Asked to comment, Dr. Lapp said: “We’ve used Mestinon for years because it helps with POTS and also with neurally mediated hypotension. Systrom is taking it to a new level because he’s shown that it increases preload to the heart.” However, he noted that it’s unclear whether the drug will help patients who don’t have POTS specifically. On the other hand, patients rarely experience side effects from the drug.

Since the generic tablets come only in 60-mg doses, and the starting dose is 30 mg three times a day, he advised cutting the tablets in half during titration up to 60 mg three times a day.
 

Oxaloacetate (benaGene)

David Lyons Kaufman, MD, of the Center for Complex Diseases, Mountain View, Calif., summarized data from his group’s recently published open-label, nonrandomized, “proof-of-concept” study on use of the commercially available nutritional supplement anhydrous enol-oxaloacetate for treating mental and physical fatigue in 76 patients with longstanding ME/CFS and 43 with long-COVID fatigue.
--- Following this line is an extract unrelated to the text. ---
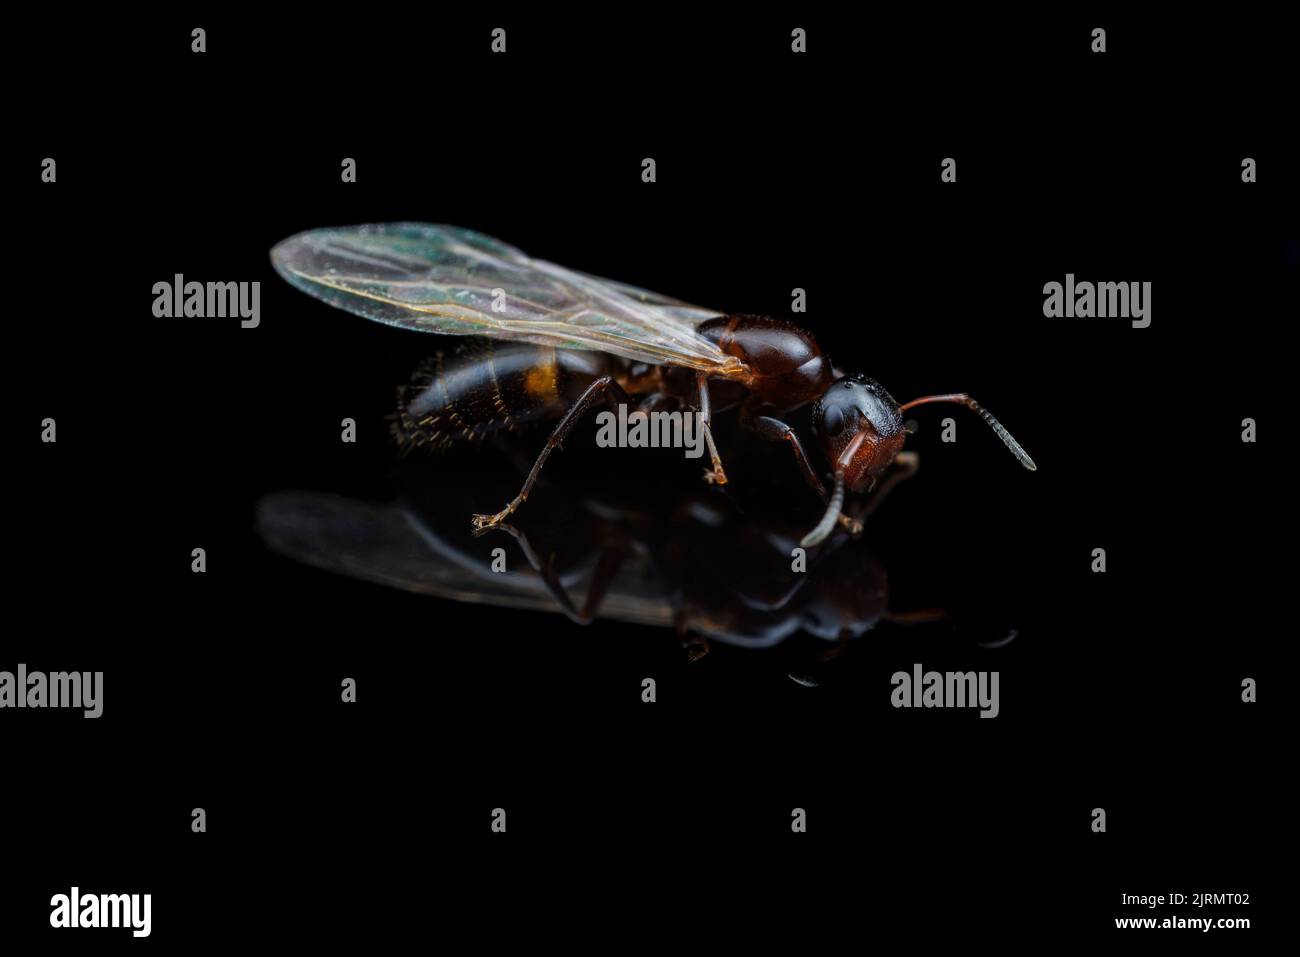 A Mississippi Gate-keeper Ant (Colobopsis mississippiensis) queen during a nuptial flight. Stock Photo

Oxaloacetate is a major step in the Krebs cycle within the mitochondria that are depleted in patients with ME/CFS. It is also an energy metabolite that has multiple effects in cells and mitochondria, Dr. Kaufman explained.

Doses ranging from 500 mg twice daily up to 1,000 mg three times a day were given for 6 weeks. Up to 33% of the patients with ME/CFS and up to 46.8% of the long-COVID group achieved clinical efficacy as measured by physical and mental fatigue scores, compared with just 5.9% of historical ME/CFS controls. All doses showed highly significant improvements.

The only adverse effects were occasional dyspepsia, which was avoided by taking the supplement with food, and insomnia, resolved by having them dose at breakfast and lunch, Dr. Kaufman said.

Following those preliminary data, there is now an ongoing 90-day, randomized, placebo-controlled clinical trial of 80 patients with ME/CFS using 2,000 mg anhydrous enol-oxaloacetate per day. Endpoints include multiple objective measures.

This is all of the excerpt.